One measure for CPU performance could be instructions per second, but then again instructions aren't created equal on different CPU architectures. Another measure could be cache IO performance, but cache infrastructure is not equal either. Then a measure could be number of instructions per watt used, as power delivery and dissipation is often a limiting factor when designing a cluster computer.
CPU 性能的一种衡量标准可能是每秒指令数,但同样,在不同的 CPU 架构上创建的指令并不相同。另一个衡量标准可能是缓存 IO 性能,但缓存基础设施也不相同。然后,衡量标准可能是每瓦使用的指令数,因为在设计集群计算机时,功率传输和耗散通常是一个限制因素。
So your first question should be: Which performance parameter is important to you? What do you want to measure? If you want to see which machine gets the most FPS out of Quake 4, the answer is easy; your gaming rig will, as the Cray can't run that program at all ;-)
所以你的第一个问题应该是:哪个性能参数对你来说很重要?你想测量什么?如果你想看看哪台机器从 Quake 4 中获得了最多的 FPS,答案很简单;您的游戏装备会,因为 Cray 根本无法运行该程序;-)
Cheers, Steen
干杯,斯汀
回答by sapy
TLDR; The accepted answer is both inefficient and incompatible. Following algo works 100xfaster.
TLDR;公认的答案既低效又不兼容。遵循算法的工作速度提高了100 倍。
The gcc compiler available on MAC can't run omp. I had to install llvm (brew install llvm ). But I didn't see CPU idle was going downwhile running OMP version.
MAC 上可用的 gcc 编译器无法运行omp。我必须安装 llvm (brew install llvm )。但是我没有看到运行 OMP 版本时CPU 空闲时间下降。

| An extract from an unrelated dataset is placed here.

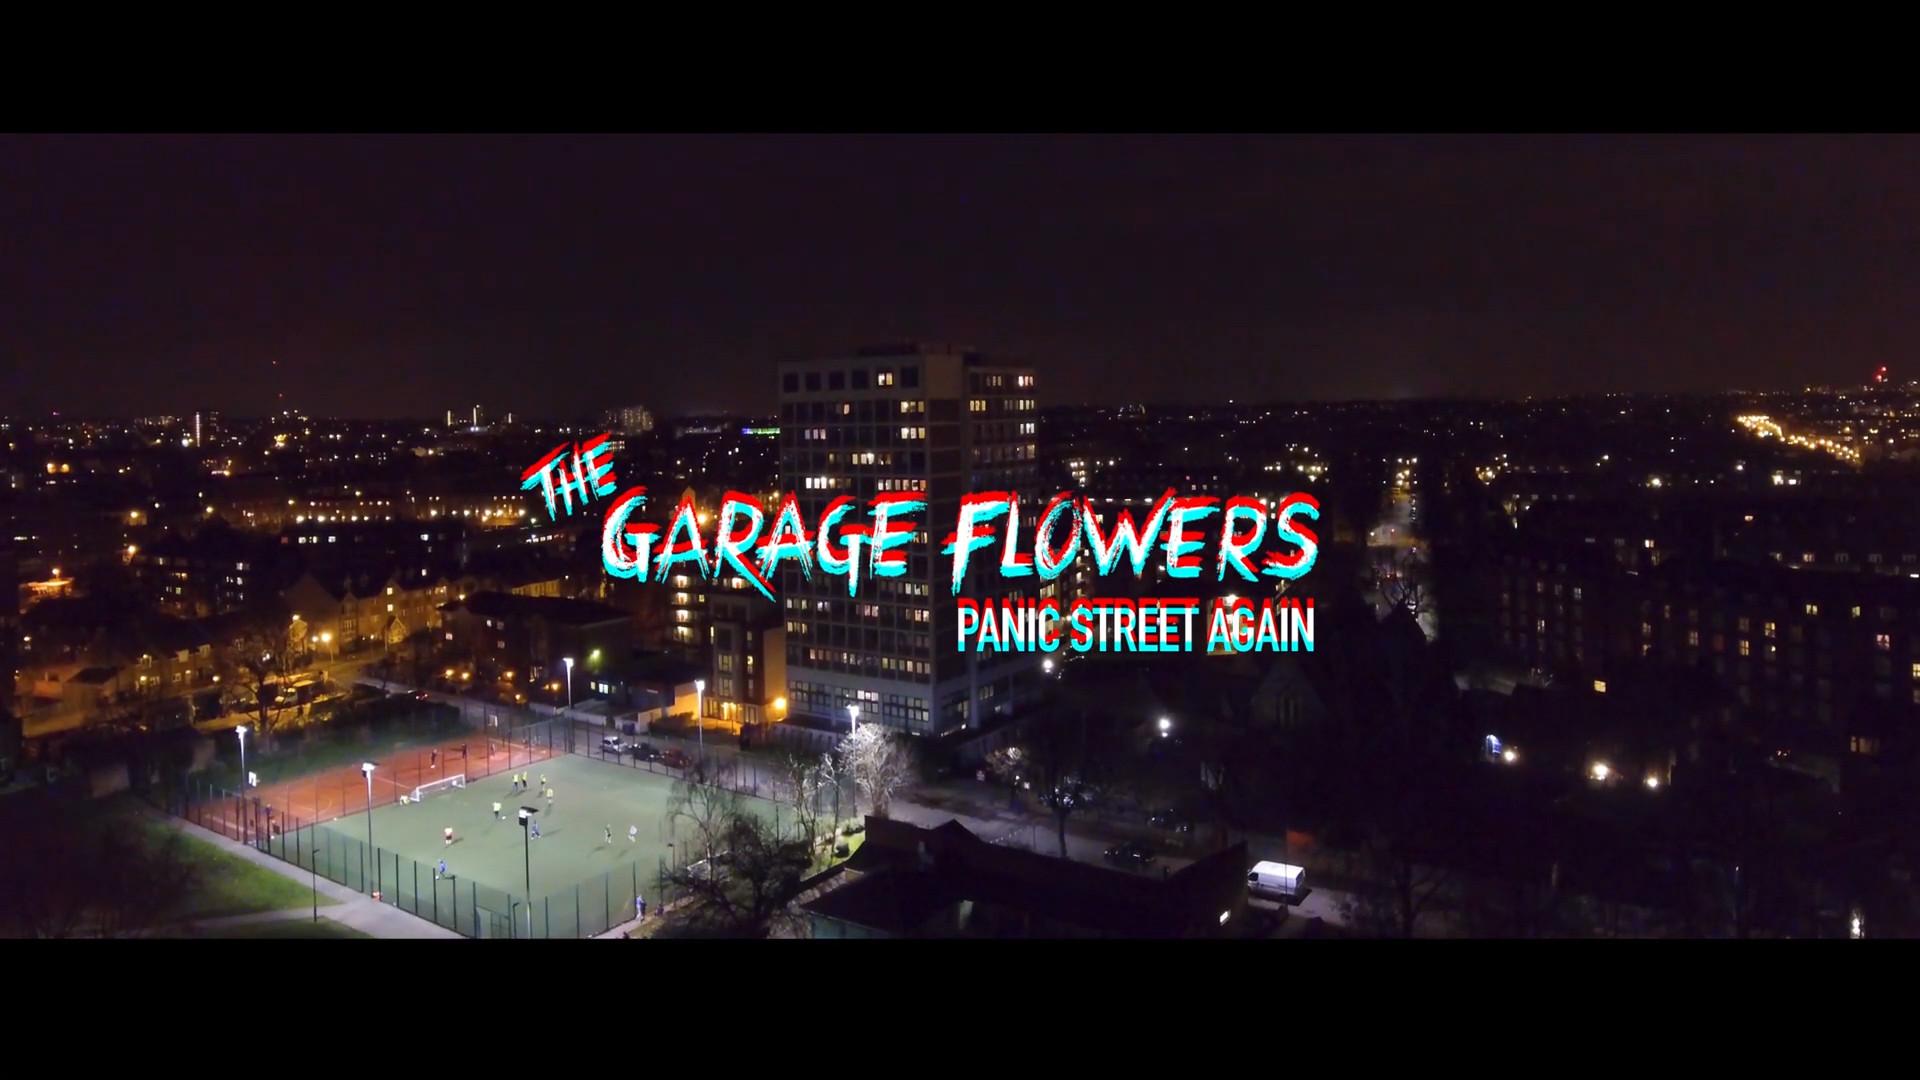 THE GARAGE FLOWERS - PANIC STREET AGAIN

Here is a screenshot while OMP version was running.
这是 OMP 版本运行时的屏幕截图。
Alternatively, I used the basic POSIX thread, that can be run using any c compiler and saw almost entire CPU used upwhen nos of thread= no of cores= 4 (MacBook Pro, 2.3 GHz Intel Core i5). Here is the programme -
或者,我使用了基本的 POSIX 线程,该线程可以使用任何 c 编译器运行,并且看到当nos of thread= no of cores= 4(MacBook Pro,2.3 GHz Intel Core i5)时几乎整个 CPU 都用完了。这是程序 -
#include <pthread.h>
#include <stdio.h>
#include <stdlib.h>
#include <math.h>
#define NUM_THREADS 10
#define THREAD_LOAD 100000
using namespace std;
struct prime_range {
int min;
int max;
int total;
};
void* findPrime(void *threadarg)
{
int i, primes = 0;
struct prime_range *this_range;
this_range = (struct prime_range *) threadarg;
int minLimit = this_range -> min ;
int maxLimit = this_range -> max ;
int flag = false;
while (minLimit <= maxLimit) {
i = 2;
int lim = ceil(sqrt(minLimit));
while (i <= lim) {
if (minLimit % i == 0){
flag = true;
break;
}
i++;
}
if (!flag){
primes++;
}
flag = false;
minLimit++;
}
this_range ->total = primes;
pthread_exit(NULL);
}
int main (int argc, char *argv[])
{
struct timespec start, finish;
double elapsed;
clock_gettime(CLOCK_MONOTONIC, &start);
pthread_t threads[NUM_THREADS];
struct prime_range pr[NUM_THREADS];
int rc;
pthread_attr_t attr;
void *status;
pthread_attr_init(&attr);
pthread_attr_setdetachstate(&attr, PTHREAD_CREATE_JOINABLE);
for(int t=1; t<= NUM_THREADS; t++){
pr[t].min = (t-1) * THREAD_LOAD + 1;
pr[t].max = t*THREAD_LOAD;
rc = pthread_create(&threads[t], NULL, findPrime,(void *)&pr[t]);
if (rc){
printf("ERROR; return code from pthread_create() is %d\n", rc);
exit(-1);
}
}
int totalPrimesFound = 0;
// free attribute and wait for the other threads
pthread_attr_destroy(&attr);
for(int t=1; t<= NUM_THREADS; t++){
rc = pthread_join(threads[t], &status);
if (rc) {
printf("Error:unable to join, %d" ,rc);
exit(-1);
}
totalPrimesFound += pr[t].total;
}
clock_gettime(CLOCK_MONOTONIC, &finish);
elapsed = (finish.tv_sec - start.tv_sec);
elapsed += (finish.tv_nsec - start.tv_nsec) / 1000000000.0;
printf("This machine calculated all %d prime numbers under %d in %lf seconds\n",totalPrimesFound, NUM_THREADS*THREAD_LOAD, elapsed);
pthread_exit(NULL);
}
Notice how the entire CPU is used up -
注意整个 CPU 是如何用完的 -
P.S. - If you increase no of threads then actual CPU usage go down (Try making no of threads = 20 .) as the system uses more time in context switching than actual computing.
PS - 如果增加线程数,则实际 CPU 使用率会下降(尝试使线程数为 20 。)因为系统在上下文切换中使用的时间比实际计算时间多。
By the way, my machine is not as beefy as @mystical (Accepted answer). But my version with basic POSIX threading works way faster than OMP one. Here is the result -
顺便说一句,我的机器不如@mystical(接受的答案)那么强大。但是我的带有基本 POSIX 线程的版本比 OMP 版本快得多。这是结果——
P.S. Increase threadload to 2.5 million to see CPU usage , as it completes in less than a second.
PS 将线程负载增加到 250 万以查看 CPU 使用率,因为它会在不到一秒的时间内完成。
回答by Nima Mohammadi
Simply try to Zip and Unzip a big file , nothing as a heavy I/o operations can use cpu.
只需尝试 Zip 和 Unzip 大文件,没有任何东西可以使用 CPU 进行繁重的 I/O 操作。